• [Work instructions]:
Without including any pictures, reproduce the full listing exactly.

• [Source material]:

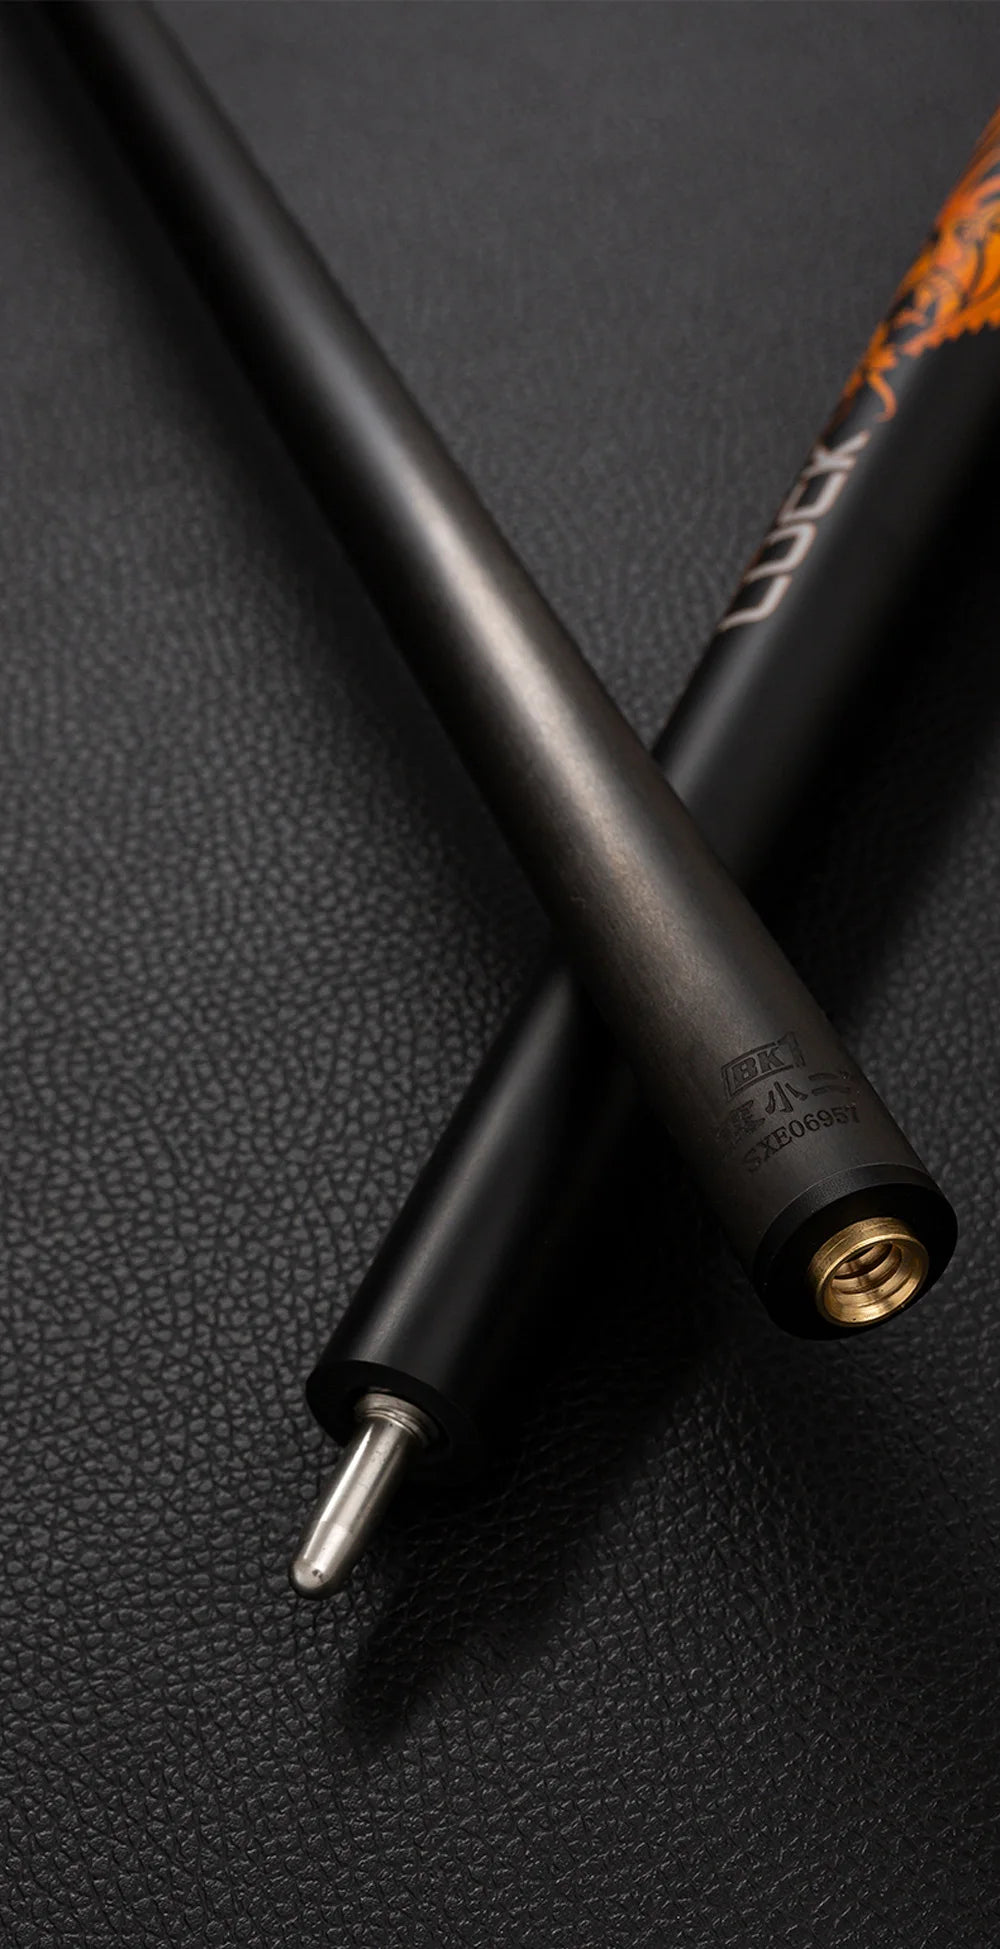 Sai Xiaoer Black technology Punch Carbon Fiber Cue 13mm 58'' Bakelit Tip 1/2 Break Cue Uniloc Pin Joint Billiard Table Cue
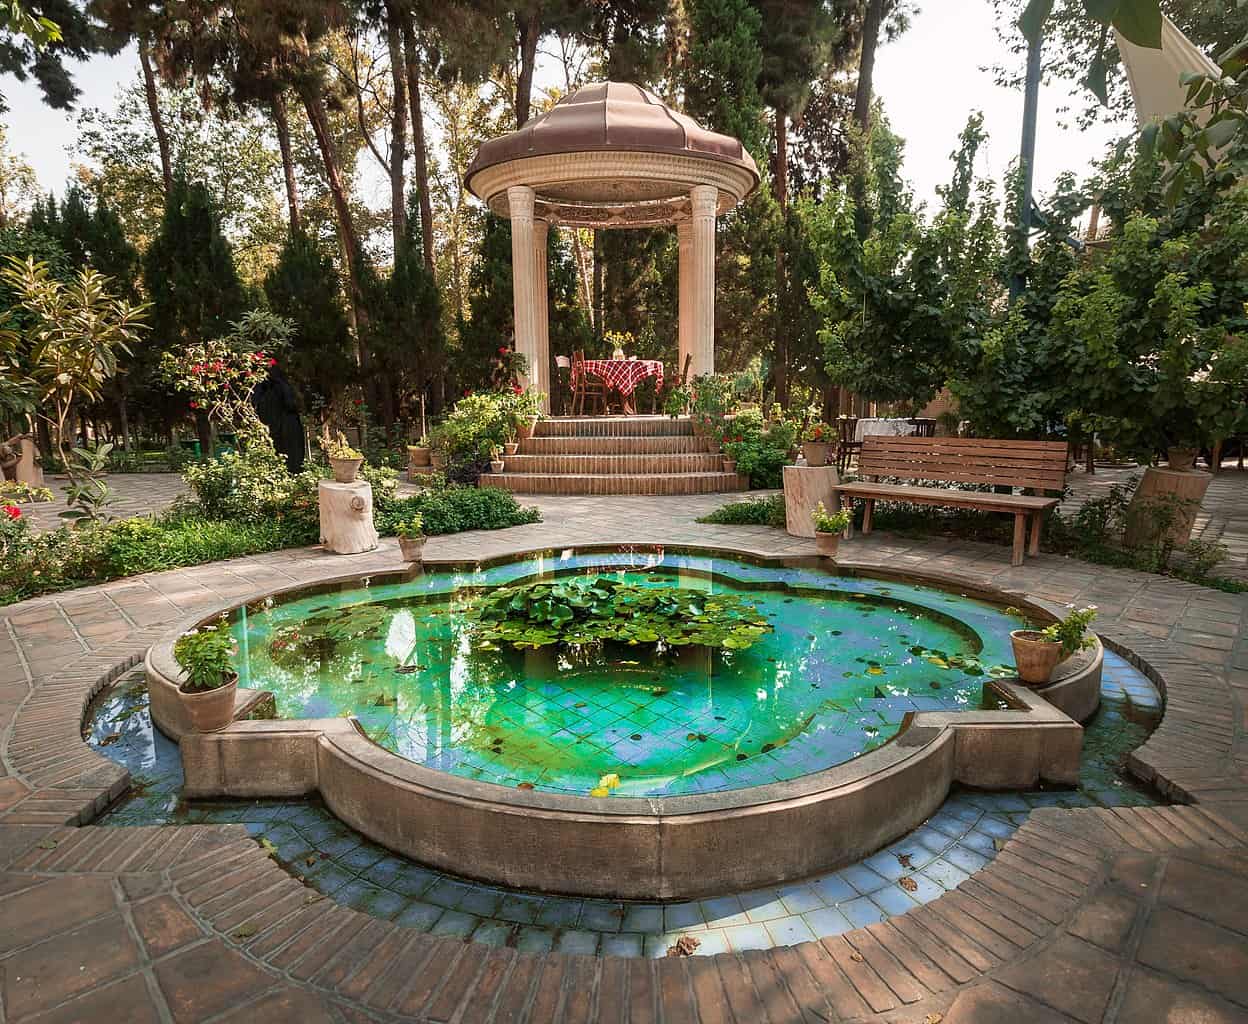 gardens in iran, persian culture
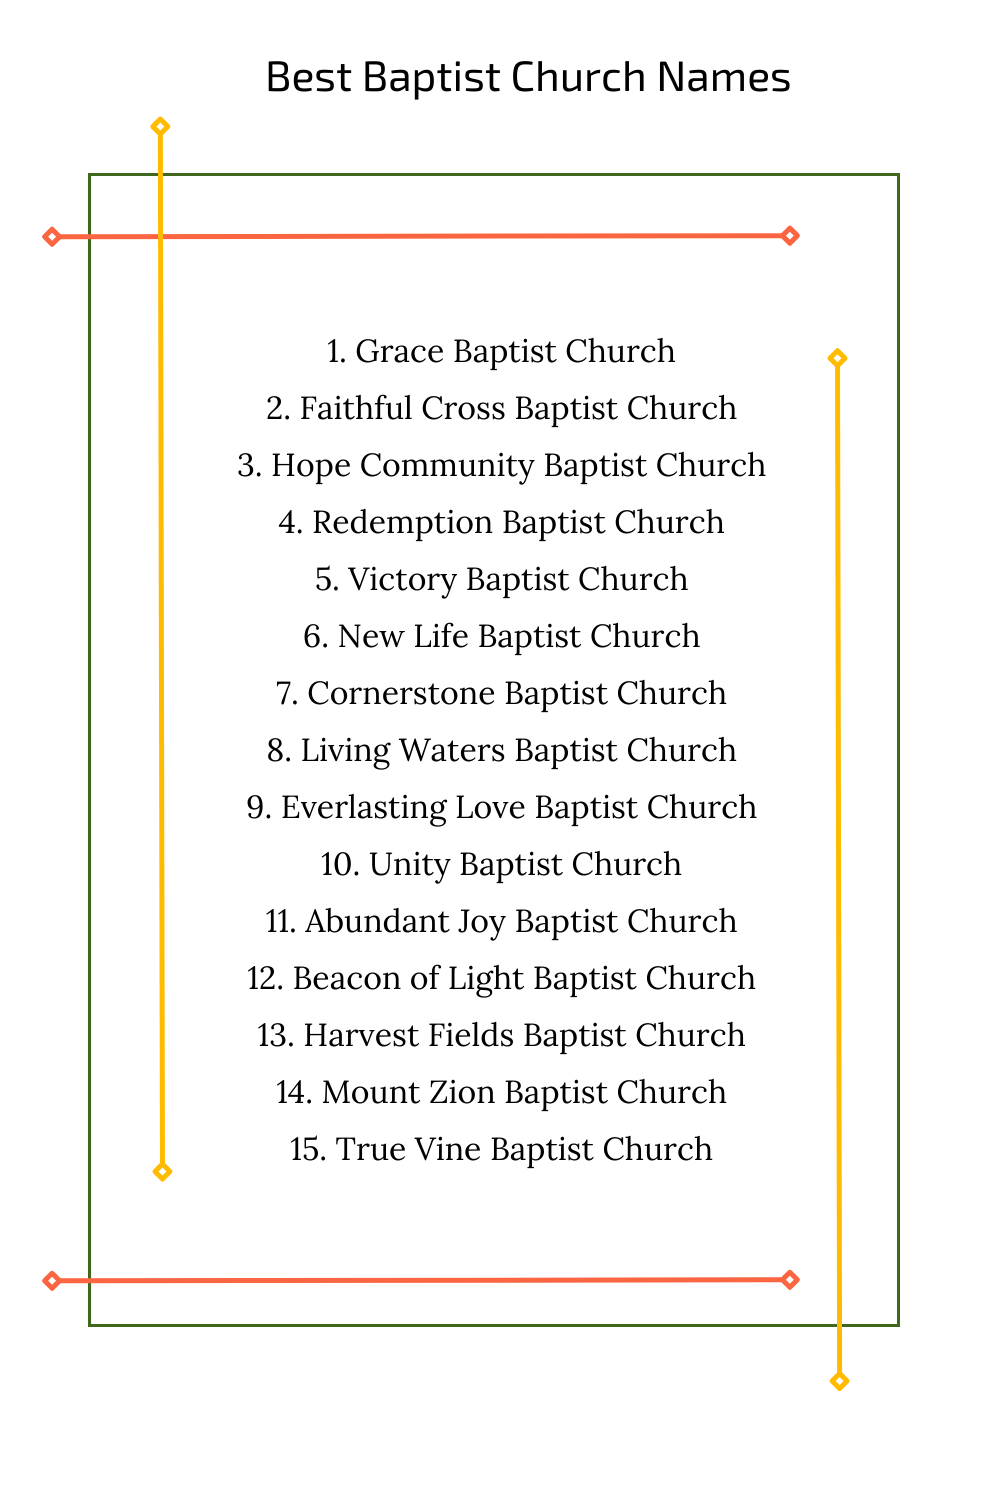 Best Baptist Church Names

• [Exercise output]:
 Sai Xiaoer Black technology Punch Carbon Fiber Cue 13mm 58'' Bakelit Tip 1/2 Break Cue Uniloc Pin Joint Billiard Table Cue
 gardens in iran, persian culture
 Best Baptist Church Names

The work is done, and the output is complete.